The white-rot fungus Pleurotus ostreatus produces two types of extracellular peroxidases: manganese-dependent peroxidase (MnP) and versatile peroxidase (VP). The effect of Mn2+ on fungal growth, peroxidase activity profiles, and lignin degradation by P. ostreatus was studied in liquid culture and under solid-state fermentation conditions on perlite, the latter resembling the natural growth conditions of this fungus. The fungus was grown in either a defined asparagine-containing basidiomycete selective medium (BSM) or in a rich peptone medium (PM). Biomass production, as determined by respiration experiments in solid-state fermentation and liquid cultures and fungal growth on Petri dishes, was higher in the PM than in the BSM. Mn2+ affected biomass production only in the PM on Petri dishes.

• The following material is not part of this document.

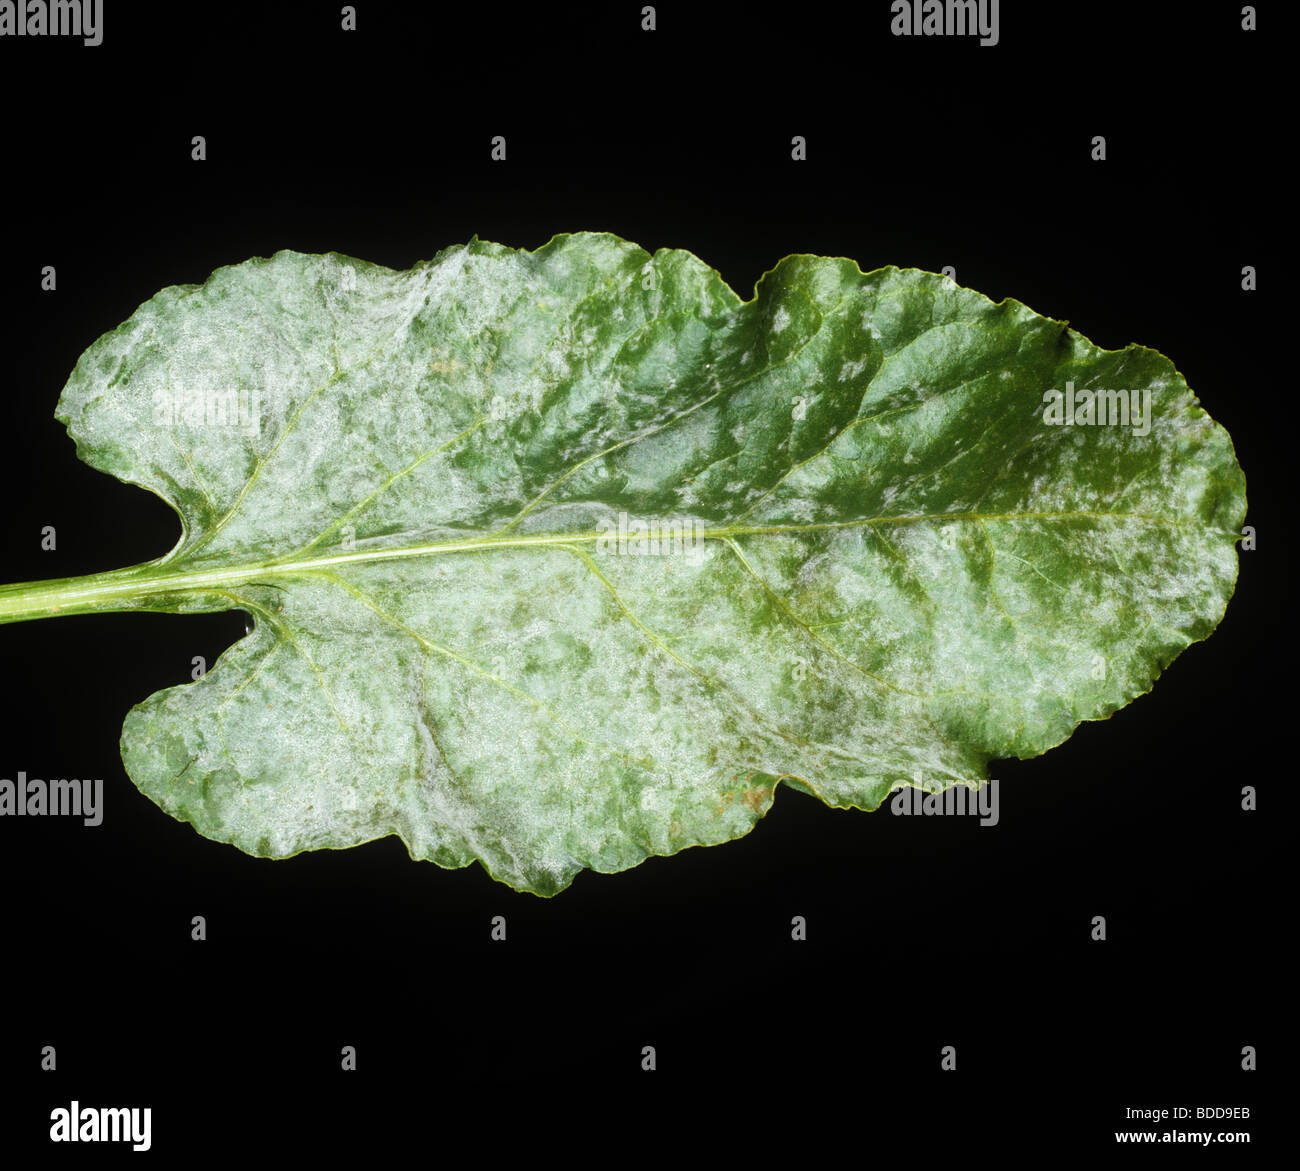 Powdery mildew (Erysiphe betae) infection on a sugar beet leafet Stock Photo
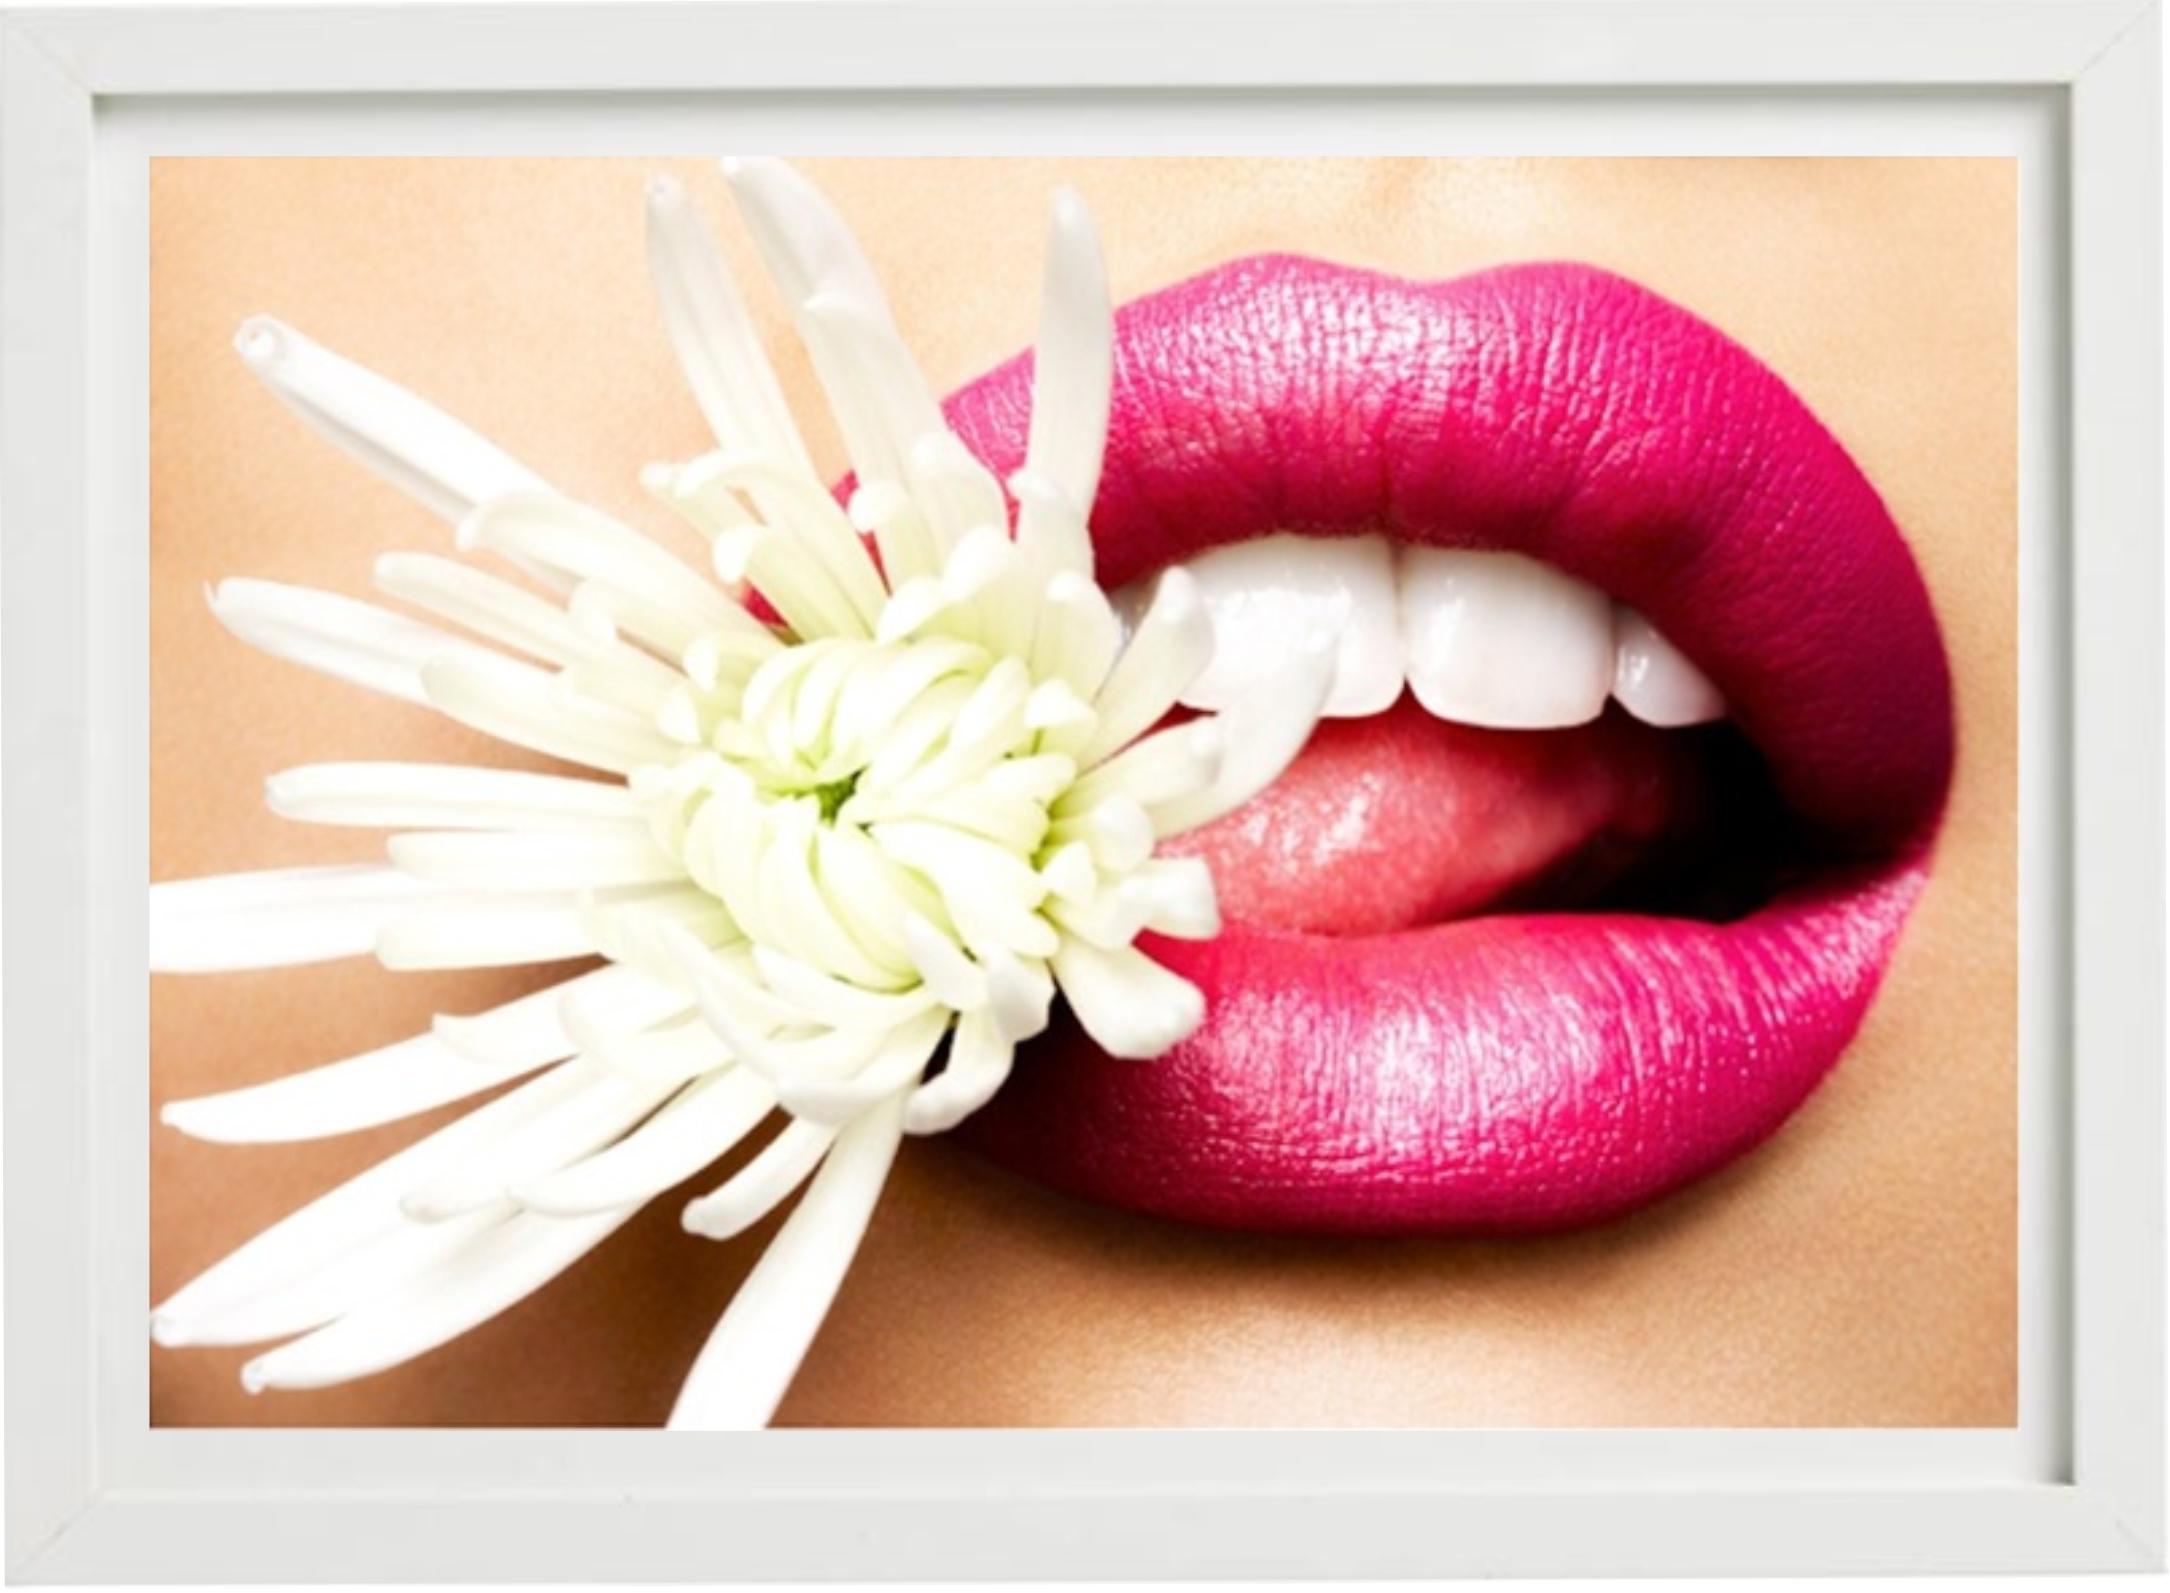 Chrysanthemum Bitten - model with pink lips biting a white flower - Photograph by Rankin

In the nonamended PM, high levels of MnP and VP activity were detected relative to the nonamended BSM. Nevertheless, a higher rate of 14C-lignin mineralization was measured in the Mn2+-amended BSM, as determined during the course of 47 d of fermentation. Mn2+ amendment of the PM increased mineralization rate to that obtained in the Mn2+-amended BSM. The enzyme activity profiles of MnP and VP were studied in the BSM using anion-exchange chromatography. In the nonamended BSM, only minute levels of MnP and VP were detected. On Mn2+ amendment, two MnP isoenzymes (B1 and B2) appeared. Isoenzyme B2 was purified and showed 100% identity with the MnP isoenzyme purified in our previous study from PM-solid-state fermentation (P6). P6 was found to be the dominant isoenzyme in terms of activity level and gene expression compared with the VP isoenzymes. Based on these results, we concluded that Mn2+ plays a key role in lignin degradation under different nutritional and growth conditions, since it is required for the production of MnP in P. ostreatus.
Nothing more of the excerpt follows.